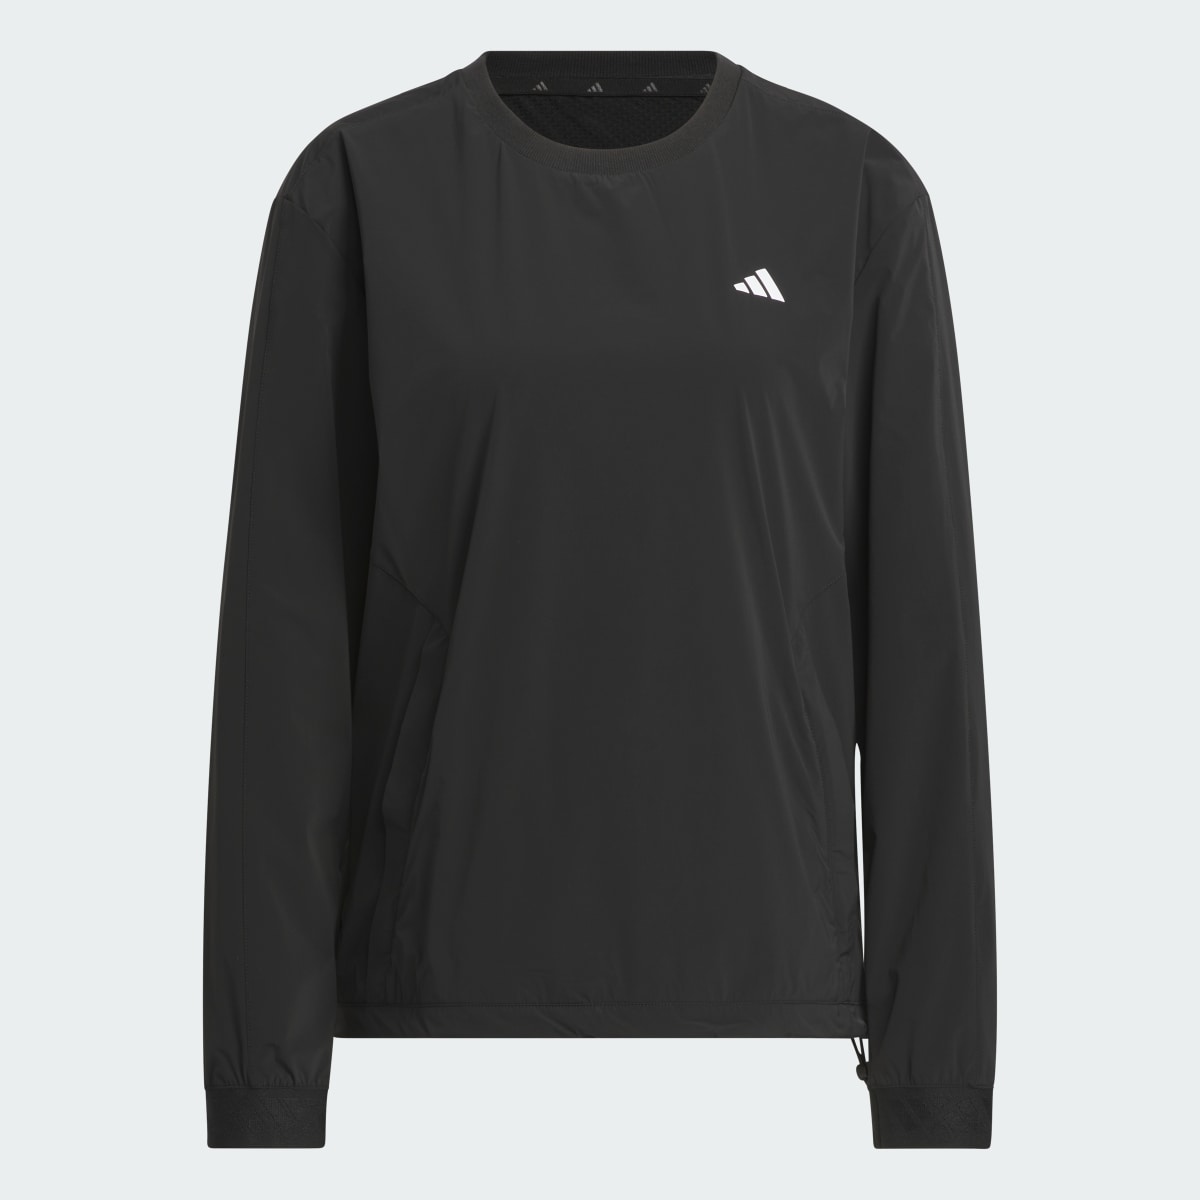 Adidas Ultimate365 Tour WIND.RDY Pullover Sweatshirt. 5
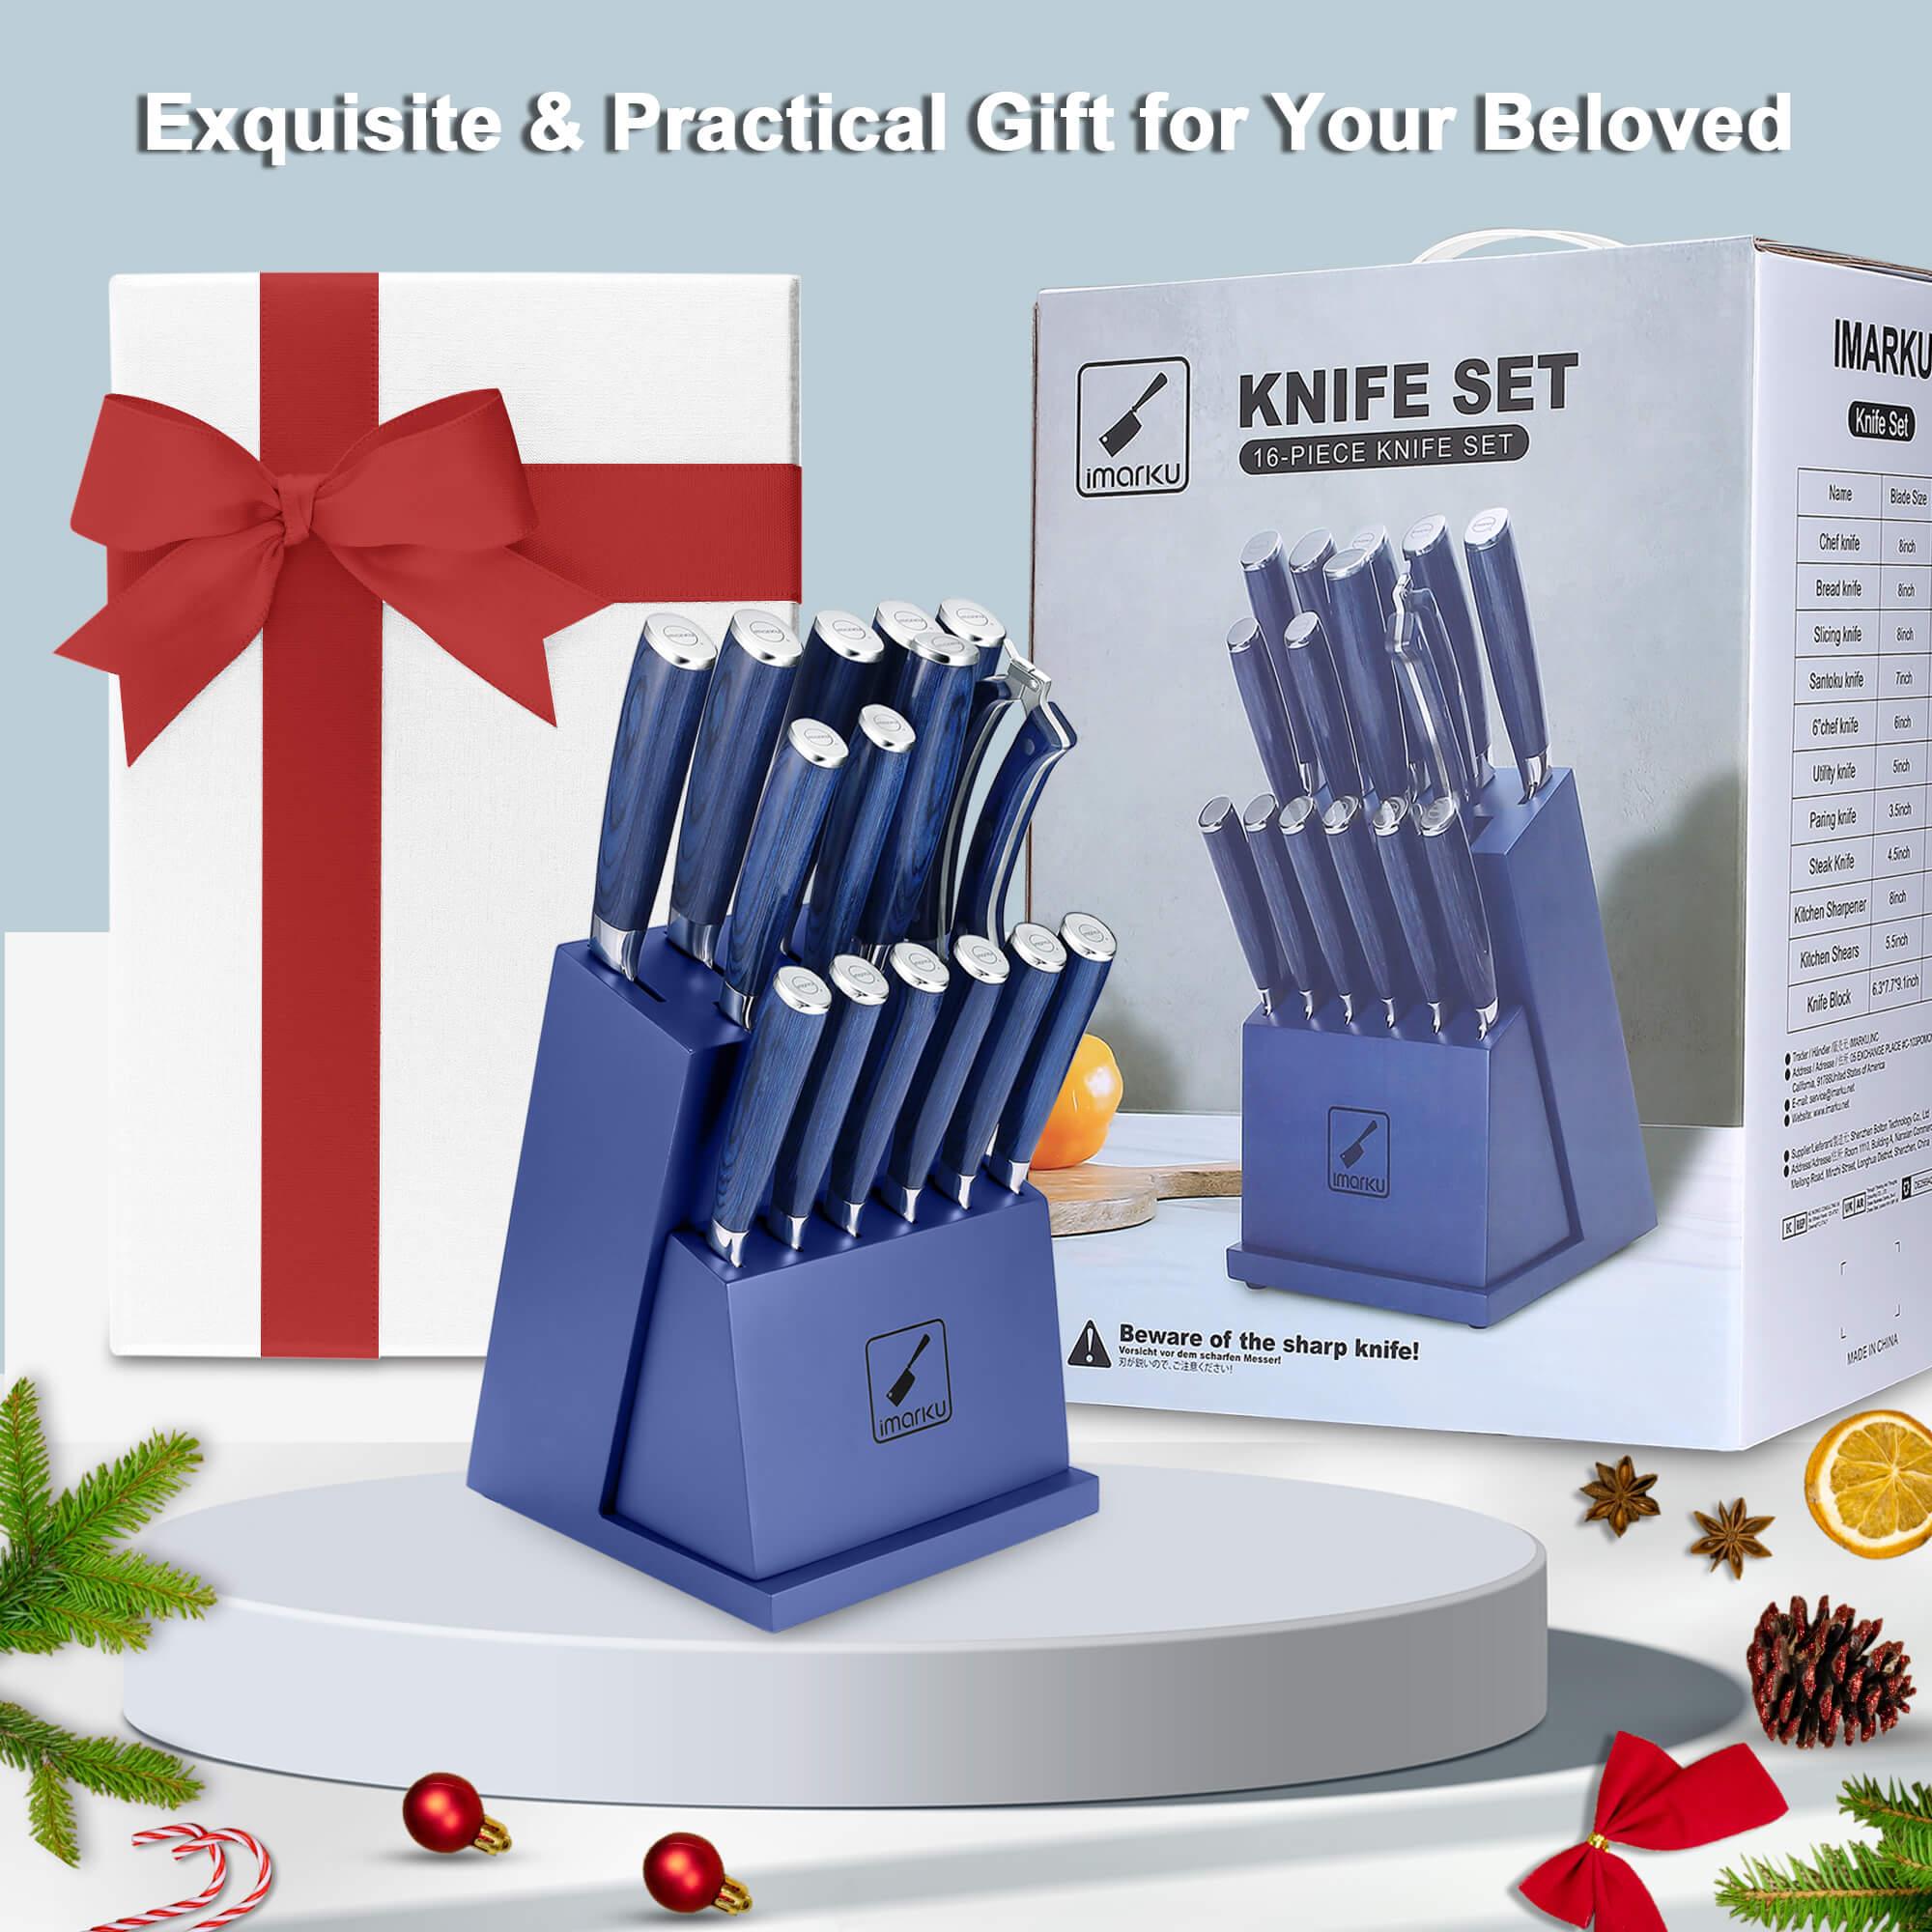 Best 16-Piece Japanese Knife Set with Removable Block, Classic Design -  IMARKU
* * *
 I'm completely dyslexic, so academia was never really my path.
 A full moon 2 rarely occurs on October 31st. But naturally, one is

[Aim of the task] Copy out exactly the lines above beginning with the line that contains "Adidas Ultimate365 Tour" and finishing with the line that contains "Best 16-Piece Japanese", including both; leave the pictures out.

[The completed task]
 Adidas Ultimate365 Tour WIND.RDY Pullover Sweatshirt. 5
 Best 16-Piece Japanese Knife Set with Removable Block, Classic Design -  IMARKU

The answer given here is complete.